Looking for a pipe organ that has a classic horror/Addams Family vibe going on. I do have Soundiron's Lakeside organ, which is great, but I'm curious as to what else is out there. Thanks!




vi-control.net





I happened to notice @jaketanner does. Jake - any ideas? Cheers!

@giwro maybe?


----------



## marcus3 (Aug 8, 2021)

Thanks I repostd it there and I have been looking on the forums...it actually what made me join. haha


----------



## doctoremmet (Aug 8, 2021)

Good luck. Don’t be afraid to actively @ people who you notice have contributed in the past about a topic you have an interest in and who may be able to help you. If you do it politely and show you have done your (re)search on the forum, most on here are more than willing to lend a hand!


----------



## doctoremmet (Aug 8, 2021)

Reposted thread here:






Virtual pipe organ question Garritan and impact soundworks.


Hi I'm new here. I been using Garritan Classic Pipe Organs and was looking for some tips on how get the most out of it. I'm confused if the combi patches are single registrations or just single stop and if possible or how set up mulit diviesions for 2 manuals and pedals? I also notice the new...




vi-control.net


----------



## marcus3 (Aug 8, 2021)

I did not know I could @ people here. That very helpful as I seen some people talking about setting it up. That really helpful Thanks.


----------



## jaketanner (Aug 8, 2021)

Hi Marcus, you can message me with some details...I might be able to help. I don't use it very often, but I am somewhat familiar with it..I use Mac, but don't think it will matter much in operation.


----------



## jaketanner (Aug 8, 2021)

marcus3 said:


> Hi
> 
> Not sure if I'm posting in the right place, I'm new here. I been using Garritan
> Classic Pipe Organs and was looking for some tips on how get the most out of it.
> ...


The patches seem to be registrations. Maybe some are single stops, while others are combinations and tutti patches. You can set up multis using the 16 different empty slots and assigning them to different MIDI outs (defaults)...or the same MIDI channel for making your own stop combinations from the various organs...you can mix and match. If you have a MIDI pedal controller, you can also assign the pedal to that MIDI channel and play it as you normally would. Or you can have two controllers, each set to different MIDI channels and theres your double manual. Hope this answers your question.


----------



## marcus3 (Aug 8, 2021)

@jaketanner Thanks I was about to message you. So if I'm understanding correctly for a basic set up I chose one the organs and set it up to the needs of the piece. Sometimes it maybe a single tutti patch or few stops mix together.


----------



## jaketanner (Aug 8, 2021)

marcus3 said:


> @jaketanner Thanks I was about to message you. So if I'm understanding correctly for a basic set up I chose one the organs and set it up to the needs of the piece. Sometimes it maybe a single tutti patch or few stops mix together.

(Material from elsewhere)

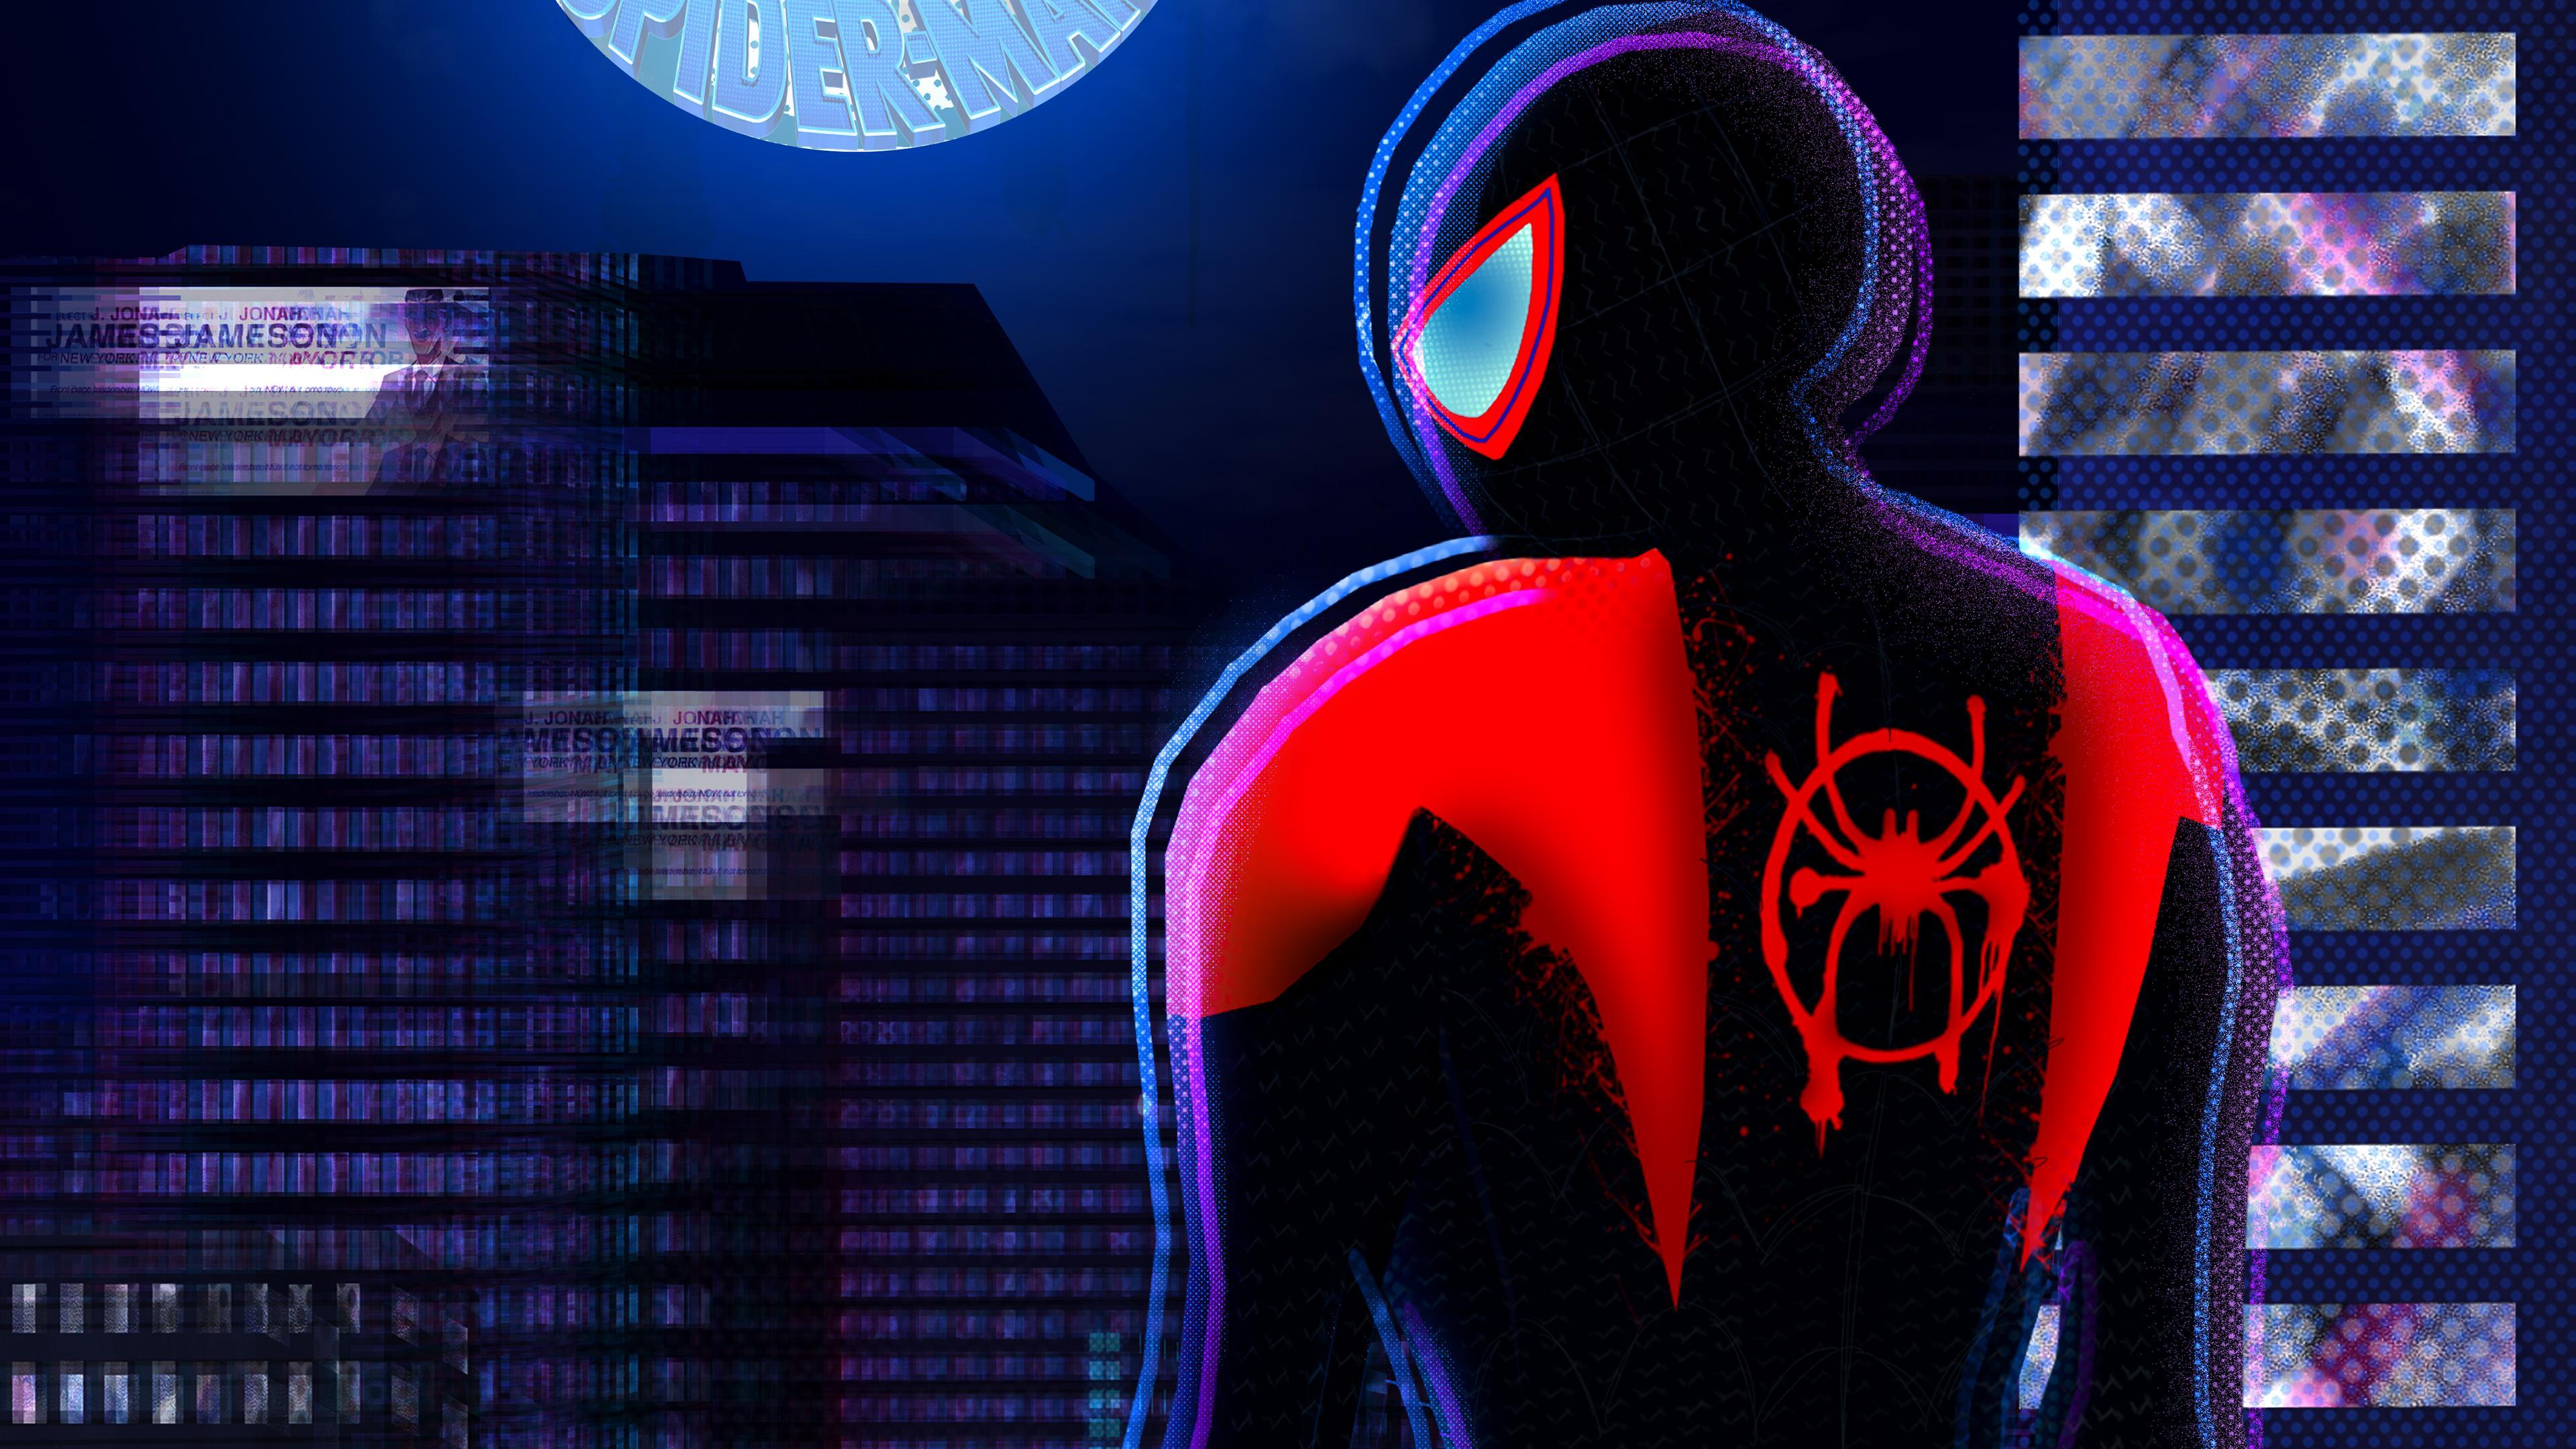 Spider Man: Into The Spider Verse 4k Ultra HD Wallpaper

yes, it defaults empty. On the left you choose which organ style you want, and which patch. You can layer say a pedal with a flute to give some bottom...etc. Then you can add reverb as well.


----------



## marcus3 (Aug 8, 2021)

Thanks for the replies and advice on using GCPO and this forum. Very appreciated!  @jaketanner @doctoremmet


----------



## doctoremmet (Aug 8, 2021)

Pleasure!


----------